How Energy Devices Cause Hidden Injury
Electrosurgical energy cooks tissue. That is the point. When a surgeon applies a cautery tip to a bleeding vessel or to a layer of tissue that needs to be divided, the energy denatures proteins, coagulates the water in the cells, and produces the seal or the division the surgeon wants. The energy does not stop at the visible boundary of the contact point. It spreads — by conduction through tissue, by capacitive coupling through adjacent structures, and by radiant heat from the active electrode — into the surrounding tissue in a pattern the surgeon cannot see on the laparoscopic monitor.

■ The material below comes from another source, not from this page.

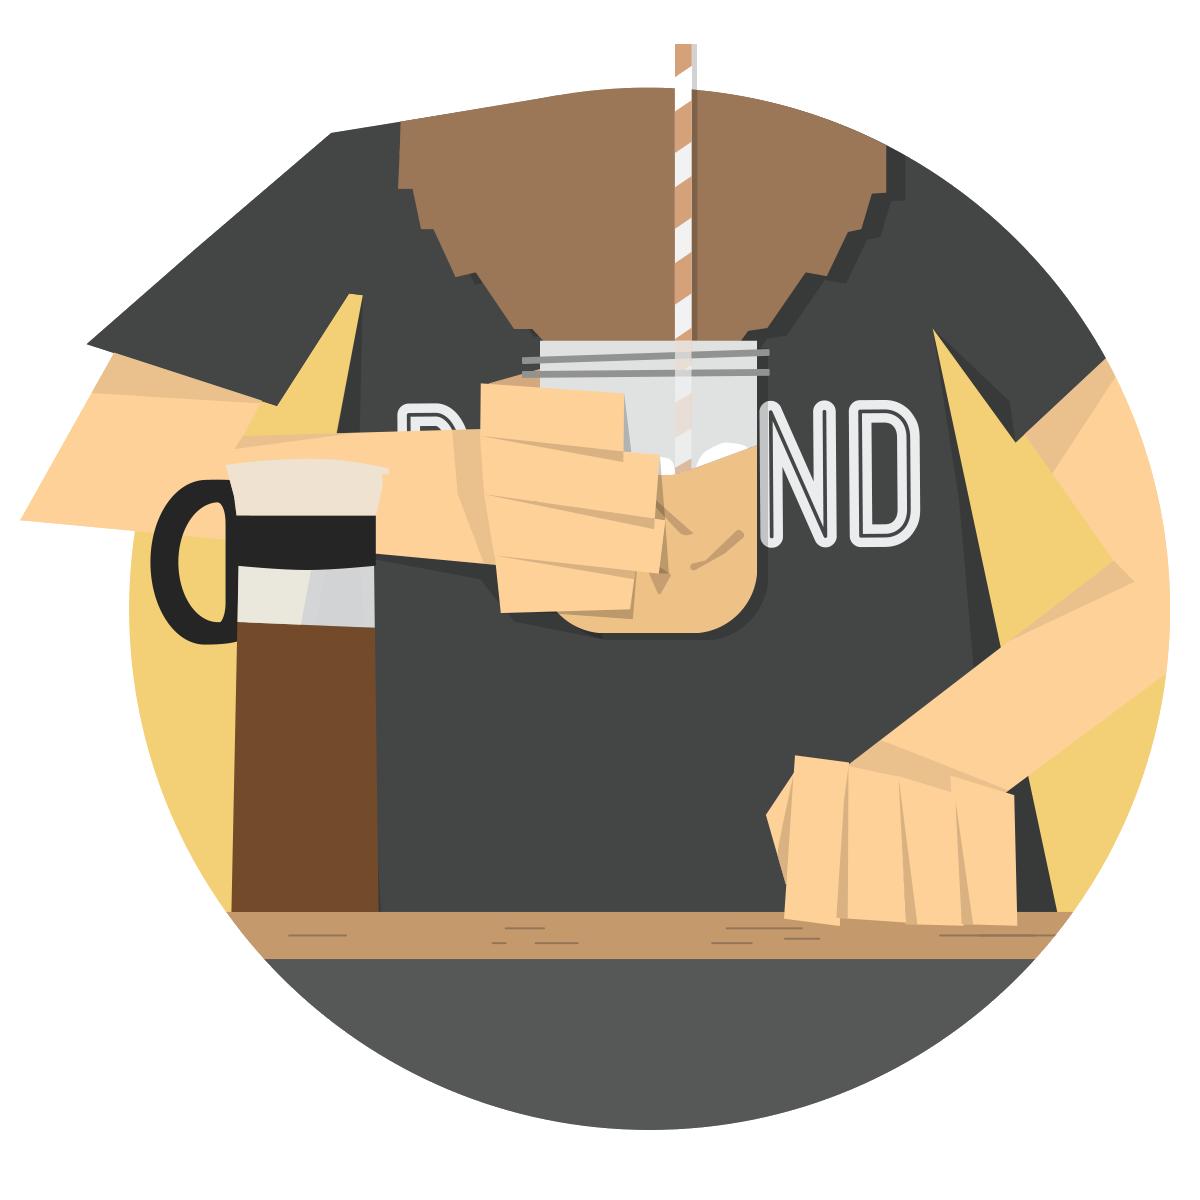 The Iced Coffee Aficionado

This is the first principle of thermal injury. The tissue that will become necrotic — and that will eventually produce the delayed bile leak or stricture — is, at the moment of cautery application, still alive. It looks pink. It bleeds when touched. It does not show the fulguration marks of the contact point. The injury is in the future.

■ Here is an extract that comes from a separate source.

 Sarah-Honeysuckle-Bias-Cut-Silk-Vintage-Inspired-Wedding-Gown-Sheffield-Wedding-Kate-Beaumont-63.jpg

That is why thermal injury is the error that surprises the surgeon. At the end of the operation, the gallbladder bed is dry. The clips are in place. The cystic duct stump is secure. The cholangiogram, if one was performed, shows an intact biliary tree. The patient is extubated, taken to recovery, and discharged the next morning. The injury declares itself weeks later, and by that point the only record of what happened in the operating room is the operative note.